Forcing the citation format means [handbook.pdf p.1] shows up inline in Open WebUI. Not a real link, but having the source on the same line as the claim cuts verification cost.

Smoke Test

curl -s -X POST http://127.0.0.1:8088/v1/chat/completions \
  -H "Content-Type: application/json" \
  -d '{"model":"local-pdf-rag",
       "messages":[{"role":"user",
         "content":"Who founded the Lilting Cat Cafe and when did it open? Cite the source."}],
       "max_tokens":200}'

Response (excerpt):

The Lilting Cat Cafe was founded by chef Hideko Mori and her three rescue cats:
Mochi, Anko, and Daifuku [fictional-cat-cafe-handbook.pdf p.1].
It opened on March 14, 2024 [fictional-cat-cafe-handbook.pdf p.1].

Filename and page number cited as instructed.
416 prompt tokens, 76 generated, ~3 seconds round trip.

Connecting Open WebUI

Docker. pip install open-webui works but pulls a heavy dependency tree and yanks models from Hugging Face on first run, so the container is the path of least resistance.

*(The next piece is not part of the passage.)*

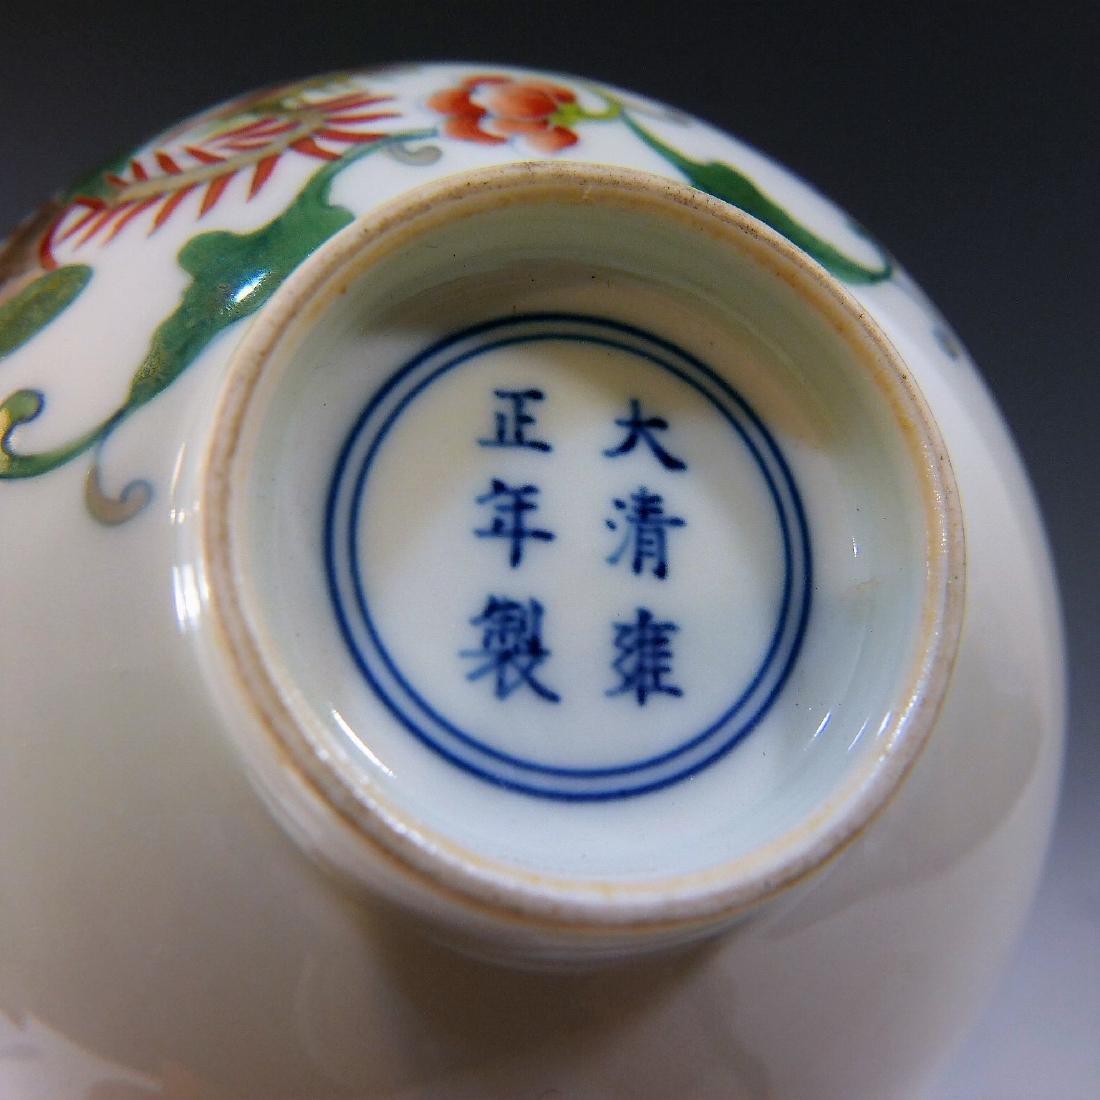 CHINESE ANTIQUE DOUCAI PORCELAIN BOWL - YONGZHENG MARK - 6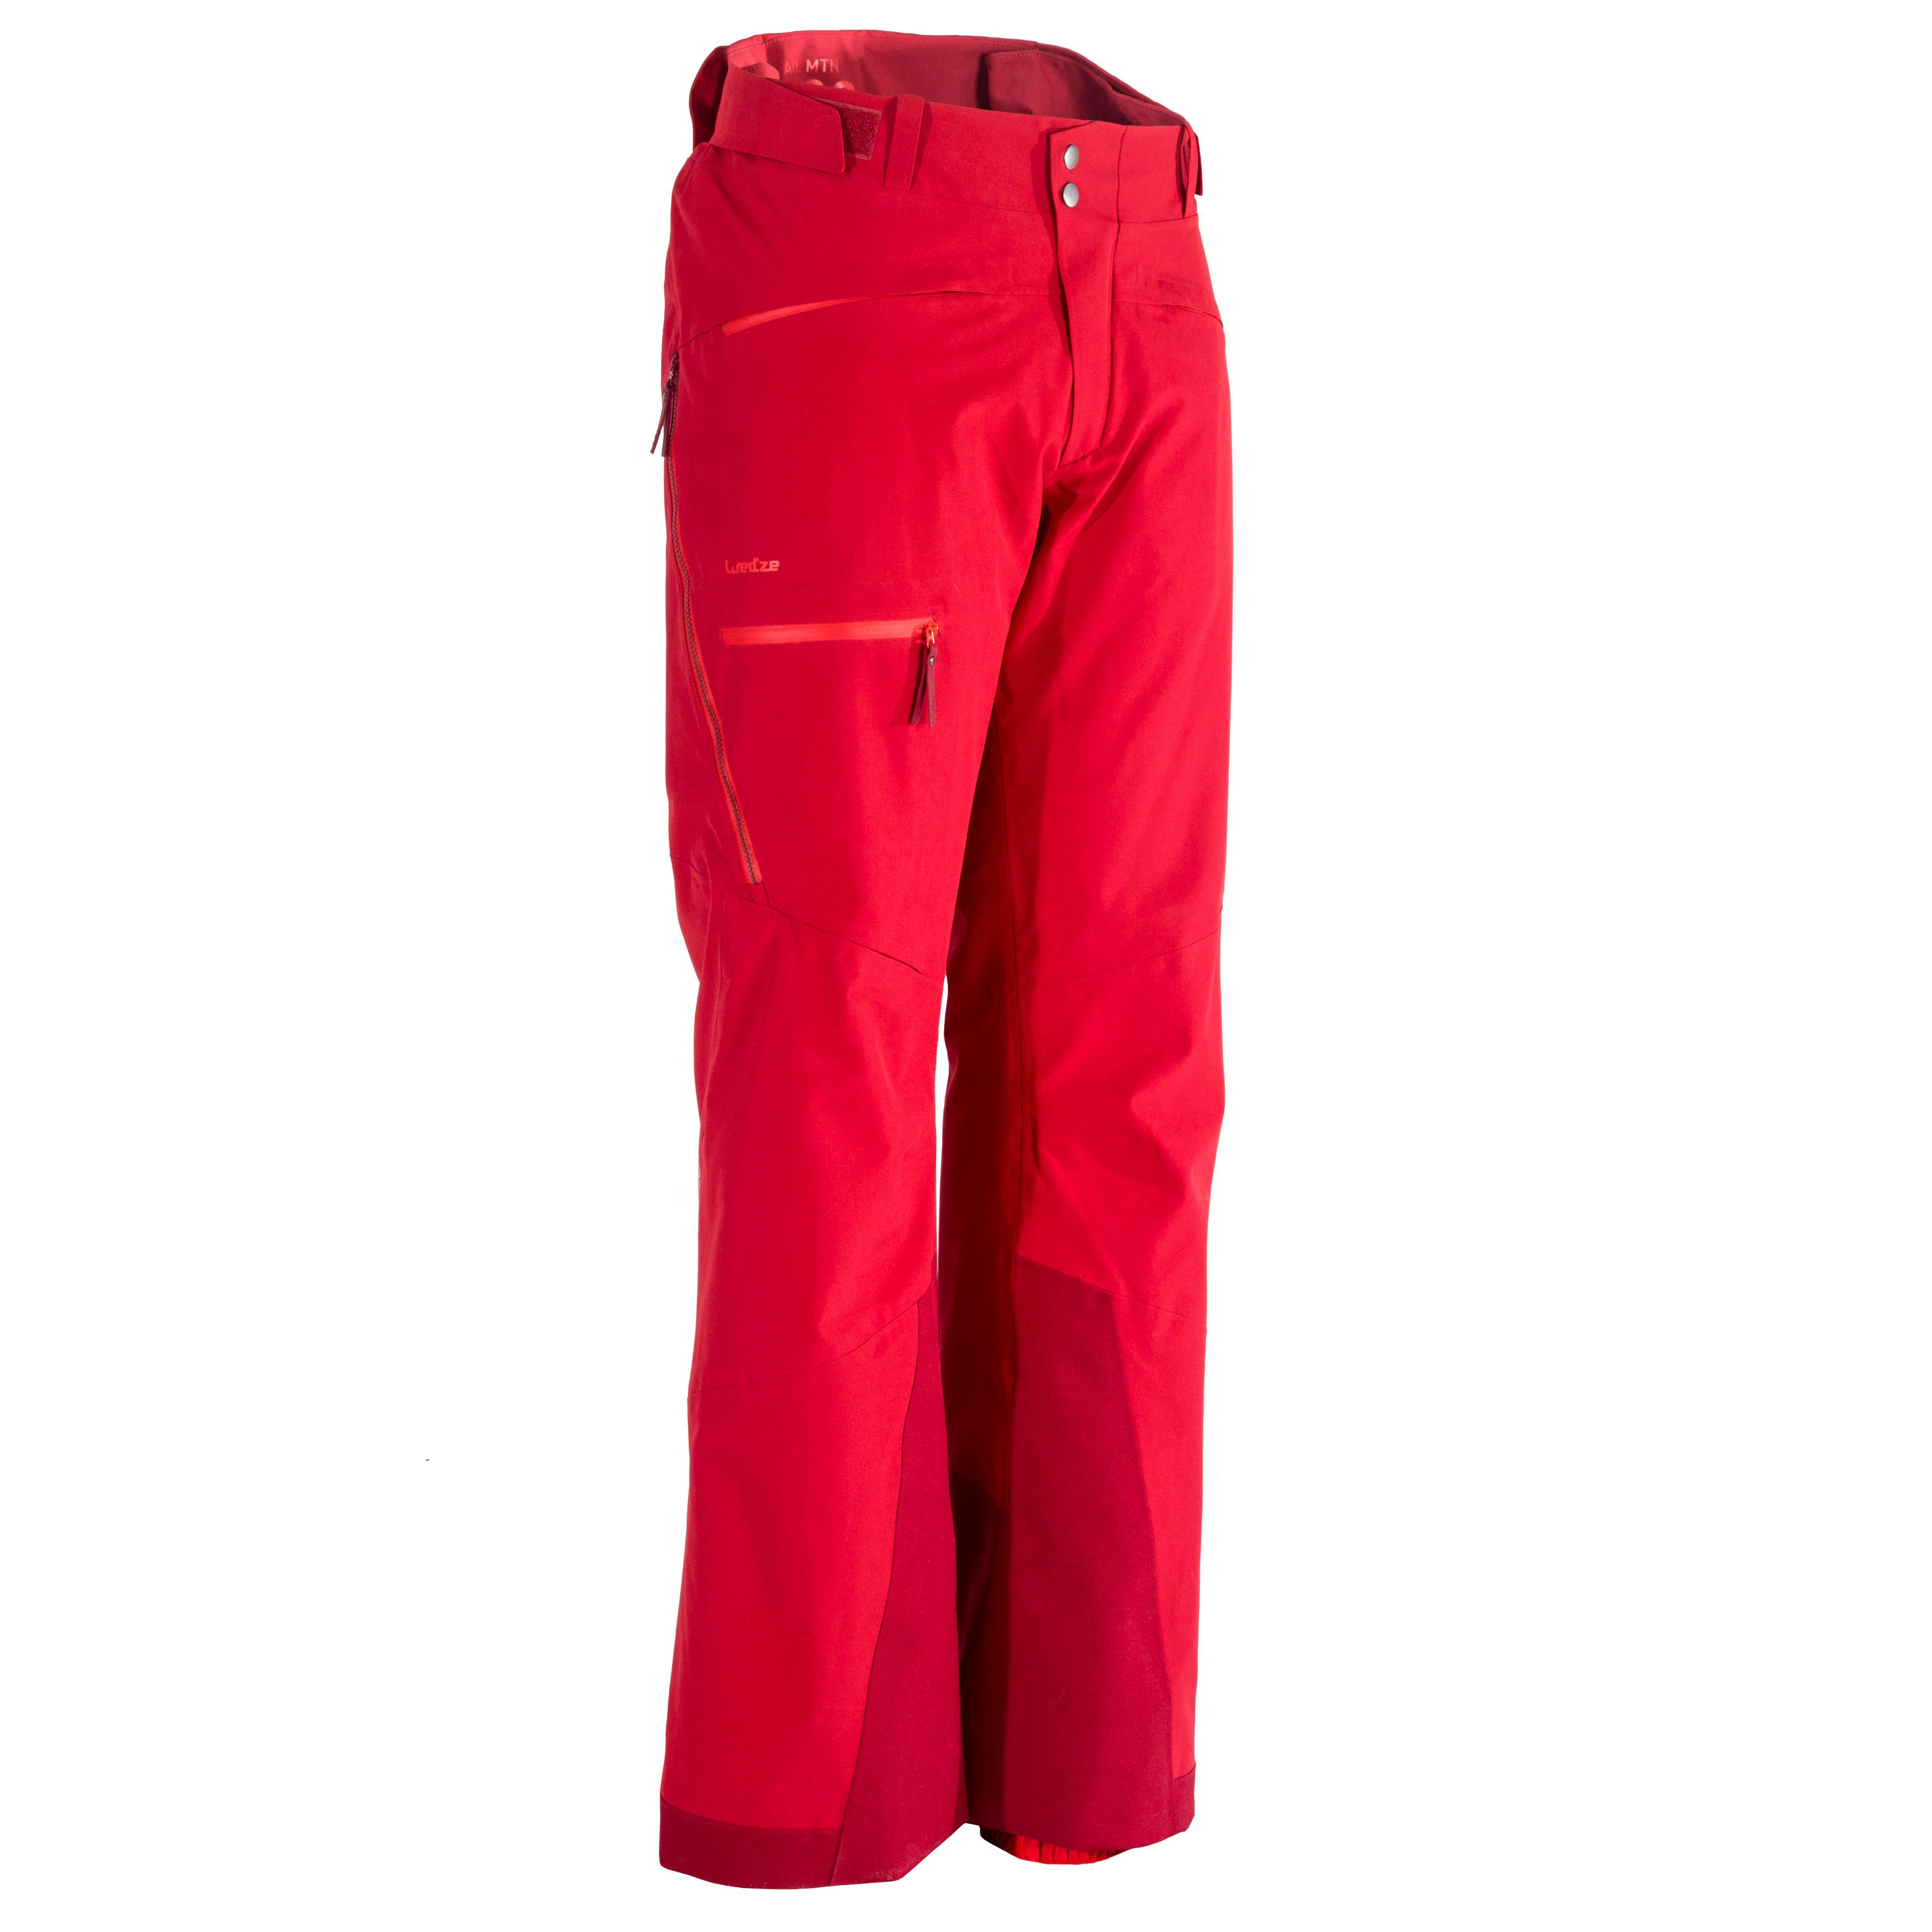 Pantalon de Ski toute montagne Homme AM900 Bordeaux

docker run -d --name open-webui-rag -p 3001:8080 \
  -e OPENAI_API_BASE_URL=http://host.docker.internal:8088/v1 \
  -e OPENAI_API_KEY=dummy \
  -e ENABLE_OLLAMA_API=false \
  -e DEFAULT_USER_ROLE=admin \
  ghcr.io/open-webui/open-webui:main

The env vars worth calling out:

  • OPENAI_API_BASE_URL points at FastAPI’s /v1. Use host.docker.internal, not localhost.
  • OPENAI_API_KEY is unused but Open WebUI insists on something non-empty. Dummy is fine.
  • ENABLE_OLLAMA_API=false turns off the Ollama auto-discovery you don’t need.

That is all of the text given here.